Right-wing parties have pushed an anti-immigration agenda, including the Northern League, which has advocated for mass expulsions and pledged to put “Italians first.”
Berlusconi has warned that the number of migrants in Italy has caused “serious social alarm,” and vowed to deport more than 600,000 undocumented migrants.
The narrative around immigration took a darker turn after a man linked with neo-fascist political parties apparently went on a shooting rampage targeting African migrants in the town of Macerata.
The incident fueled serious political debate about how the country is reconciling its fascist past. On Saturday, anti-fascist groups and far-right supporters took part in rival demonstrations in cities across Italy, Reuters reported.

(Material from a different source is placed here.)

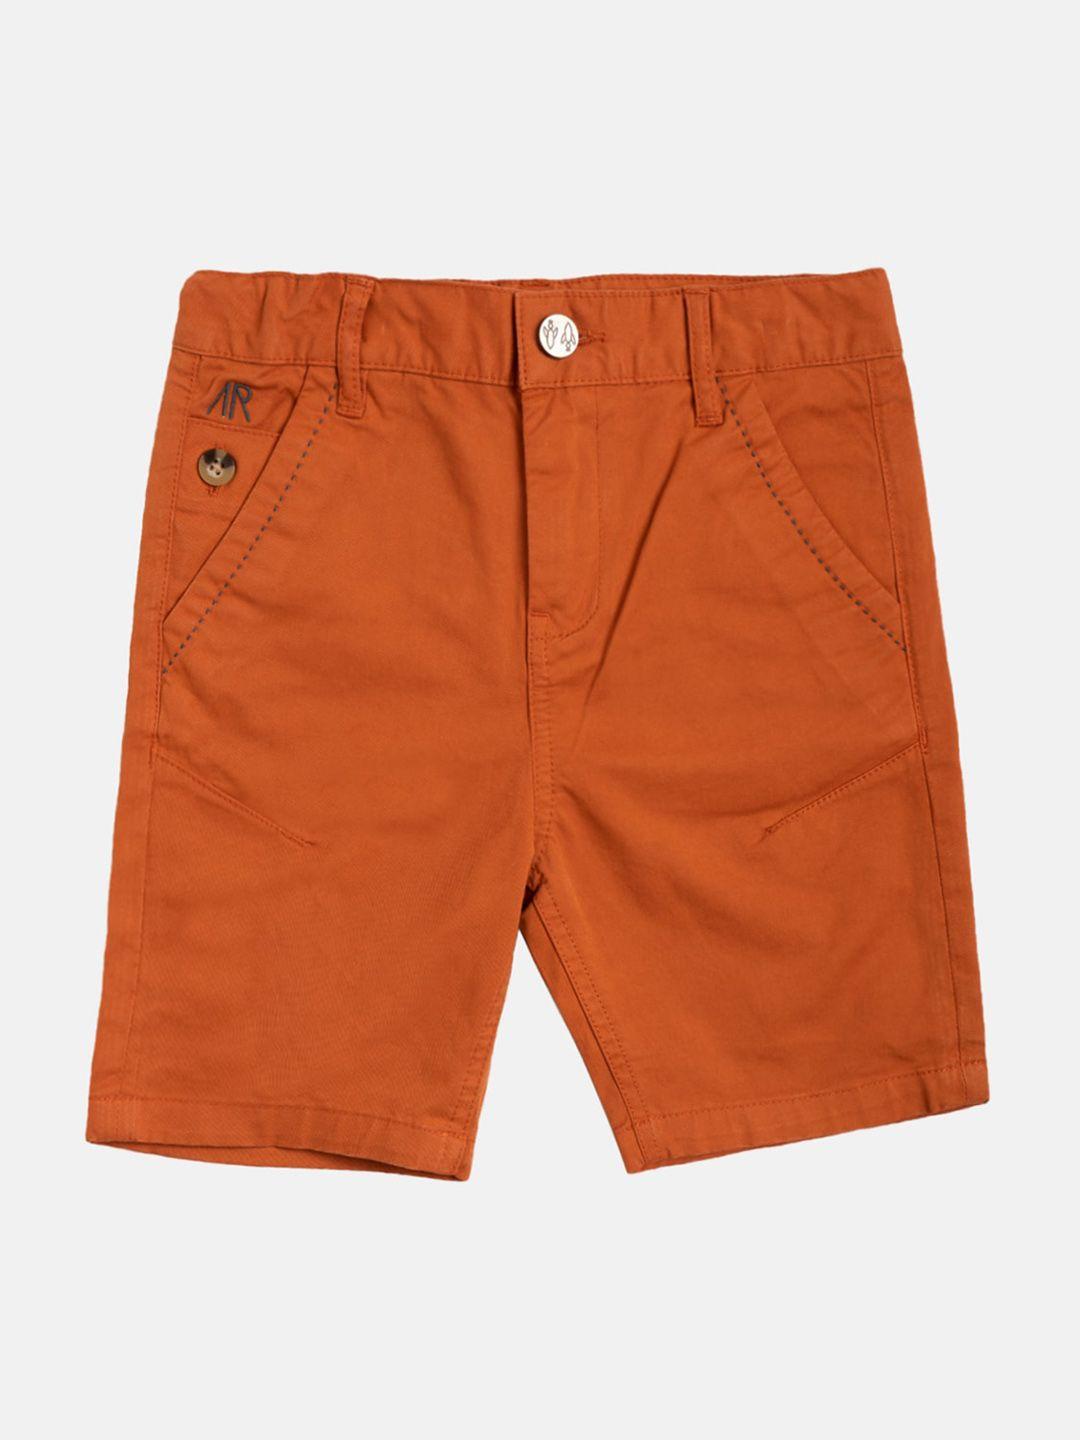 angel & rocket boys rust orange solid shorts

Daniele Albertazzi, a senior lecturer in European politics at the University of Birmingham in England, says migration has been a contentious issue in Italian elections going back to the 1990s.
“First it was people from northern Africa coming to Italy to work, then it was the collapse of the Albanian state, then after 9/11 we didn’t see the word ‘African’ anymore in Italian newspapers, it became all about ‘Muslims,'” Albertazzi told CNN. “In the last three years, you have people crossing the Mediterranean on boats … and of course, the terrorist attacks by Islamic State inside Europe.

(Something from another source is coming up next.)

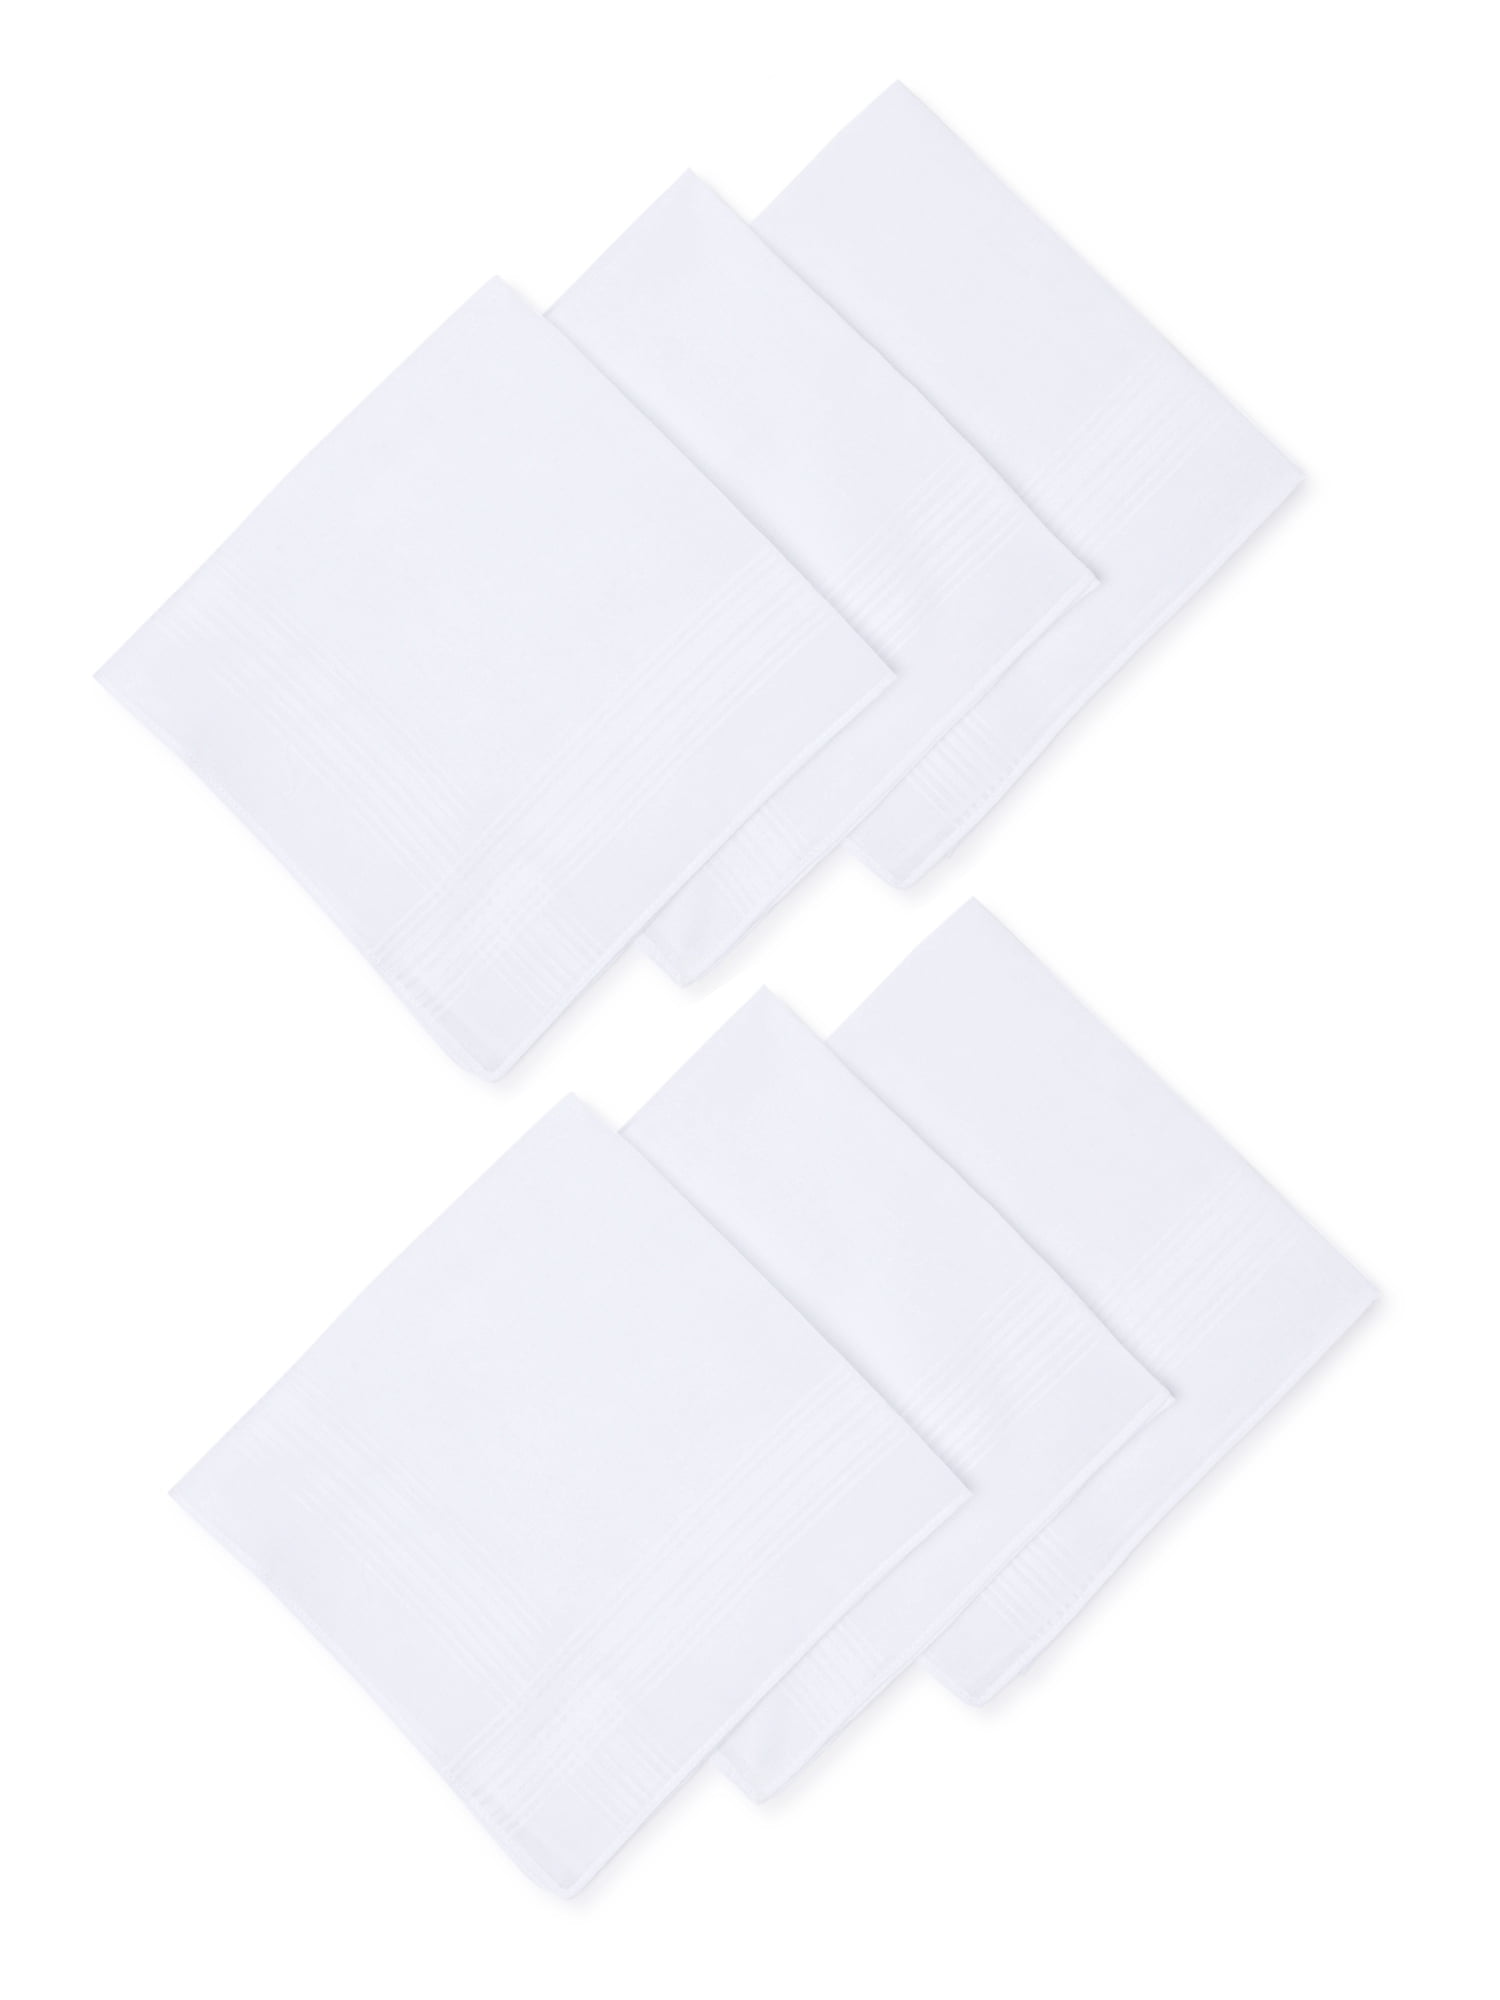 6 Men's Boxed Patterned & White Cotton 16x16 Stitched Umo Lorenzo Handkerchiefs

“All of that has been used by political leaders very effectively because the discourse never focuses on the millions of people, for instance, who work in northern Italy and keep the northern Italian factories afloat,” Albertazzi added.
“There is absolutely no discussion whatsoever about (working immigrants) — they are invisible. Instead, what is discussed is, for instance, Macerata.”

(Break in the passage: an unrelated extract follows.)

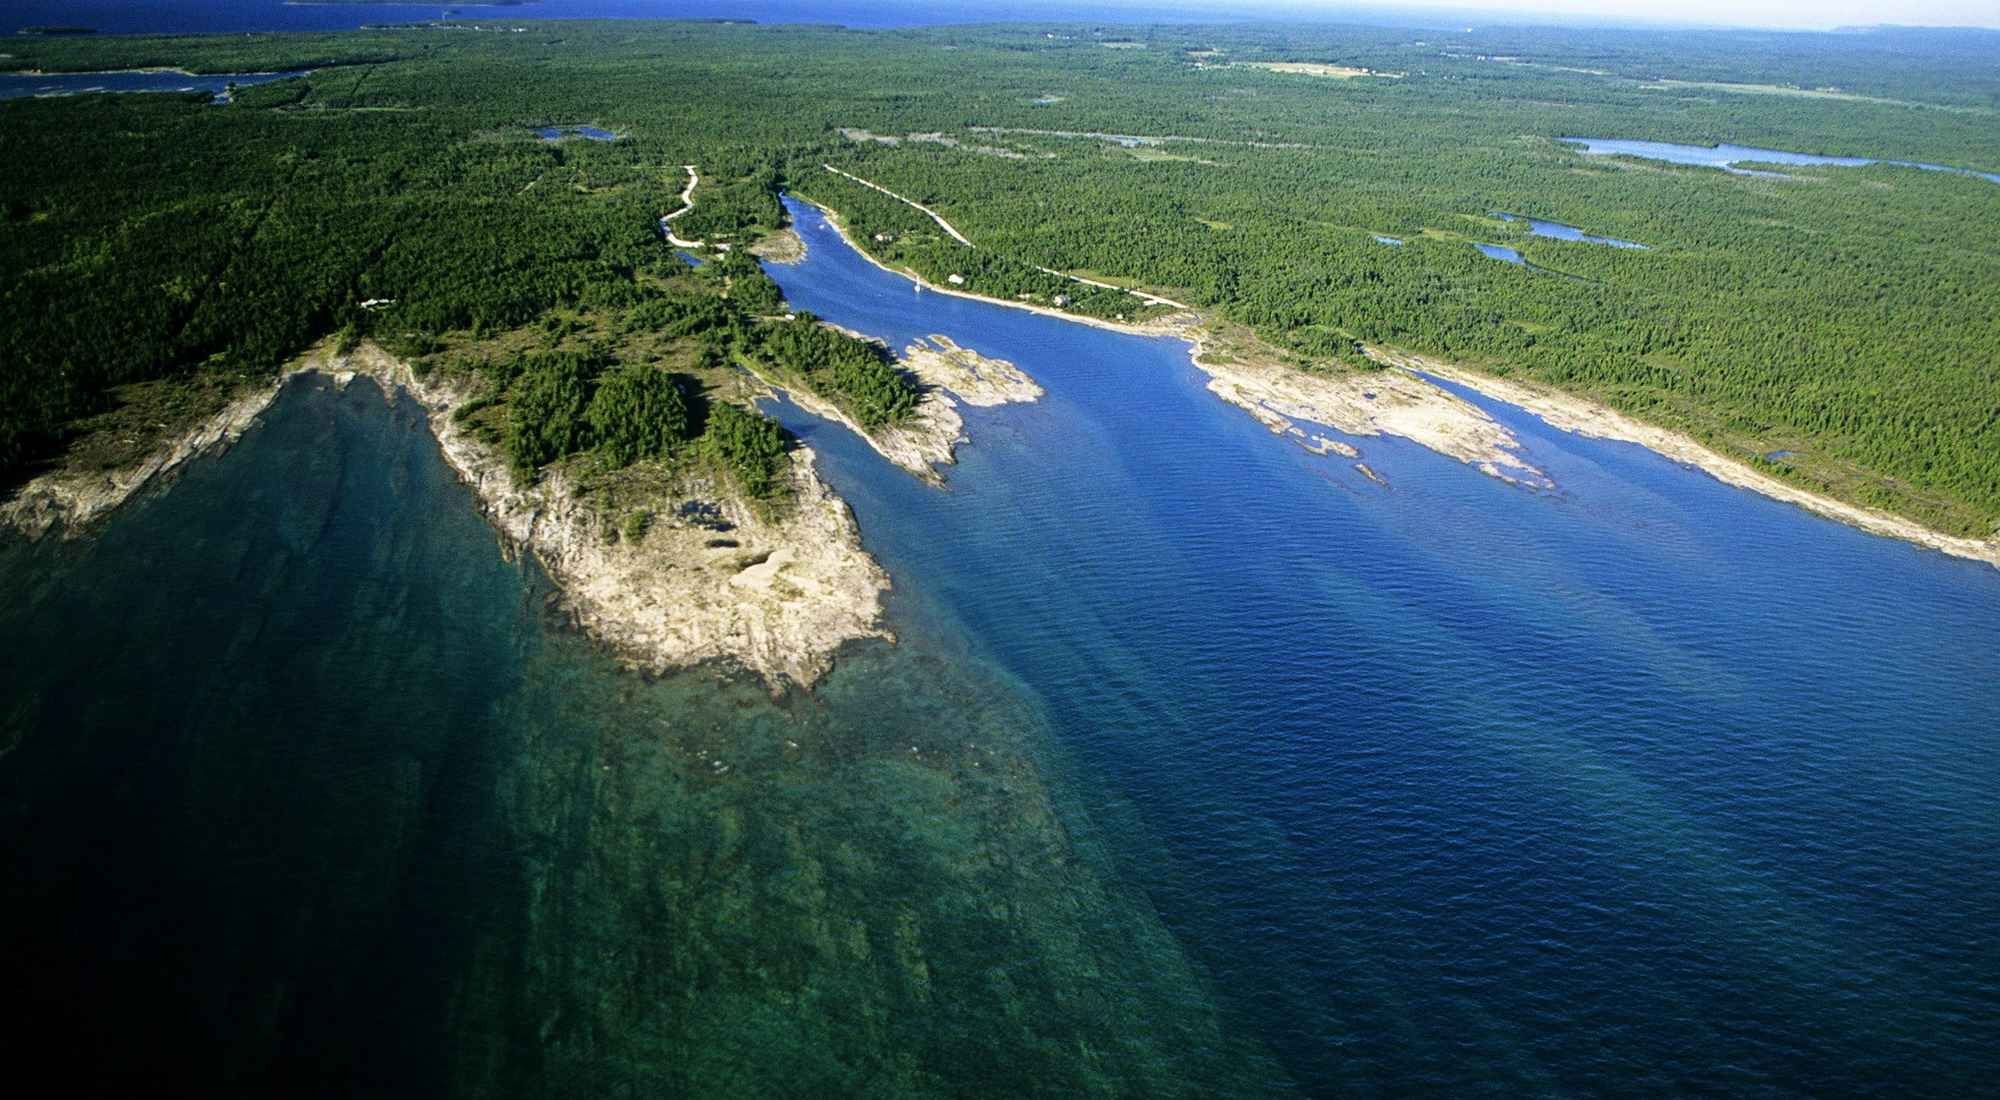 Глубина озера гурон. Озеро Гурон Северная Америка. Великое озеро Гурон. Озеро Гурон Канада. Остров Манитулин на озере Гурон.

How does the new system work?
Italy has introduced a new hybrid electoral system for this year’s vote which combines a first-past-the-post (FPTP) method with proportional representation (PR).
First-past-the-post means the candidate who gets the most votes in a constituency wins a seat in parliament; proportional representation means that additional seats will allotted to parties based on the proportion of votes they win nationwide.
Of the 630 seats in lower house of parliament — the Chamber of Deputies — 232 will be elected through FPTP, and 386 through PR. The remaining 12 seats are determined by overseas constituencies. A similar split will be used for Italy’s upper house — the Senate — with 102 members elected by FPTP and 207 through PR.
The new system, unlike the previous one, does not award bonus seats to the party or coalition that finishes in first place, making it more difficult to achieve a governing majority, according to Reuters.
“Compared to the law used in 2013, (the new system) favors partisan fragmentation and makes a parliamentary majority more difficult to achieve,” explains Paolo Chiocchetti, fellow of the Robert Schuman Institute of European Affairs at the University of Luxembourg.
“In practice, it will certainly favor the center-right coalition and damage both the M5S and the center-left coalition, where the allies of the Democratic party are quite small and whose votes may in some cases be wasted.”
Who will win?
With an unproven new system in place and a bloc of undecided voters, many observers believe Italy is headed toward a hung parliament.
Chiocchetti says there are a few potential outcomes on the table, including a “grand coalition” between the Democratic Party, Forza Italia and other centrist allies; an outright victory of Berlusconi’s right-wing coalition; or a third option of a populist government of M5S and Northern League.
“All these options, however, are unlikely to get enough seats to form a viable governmental coalition,” Chiocchetti concludes.
“The most likely outcome is that no coherent parliamentary majority will exist after March 4. In this case, it is likely that the Gentiloni government will continue to sit in a provisional capacity while parties enter long discussions on whether (to build) an ‘all-party’ technical government limited to a set of specific reforms or call new general elections.”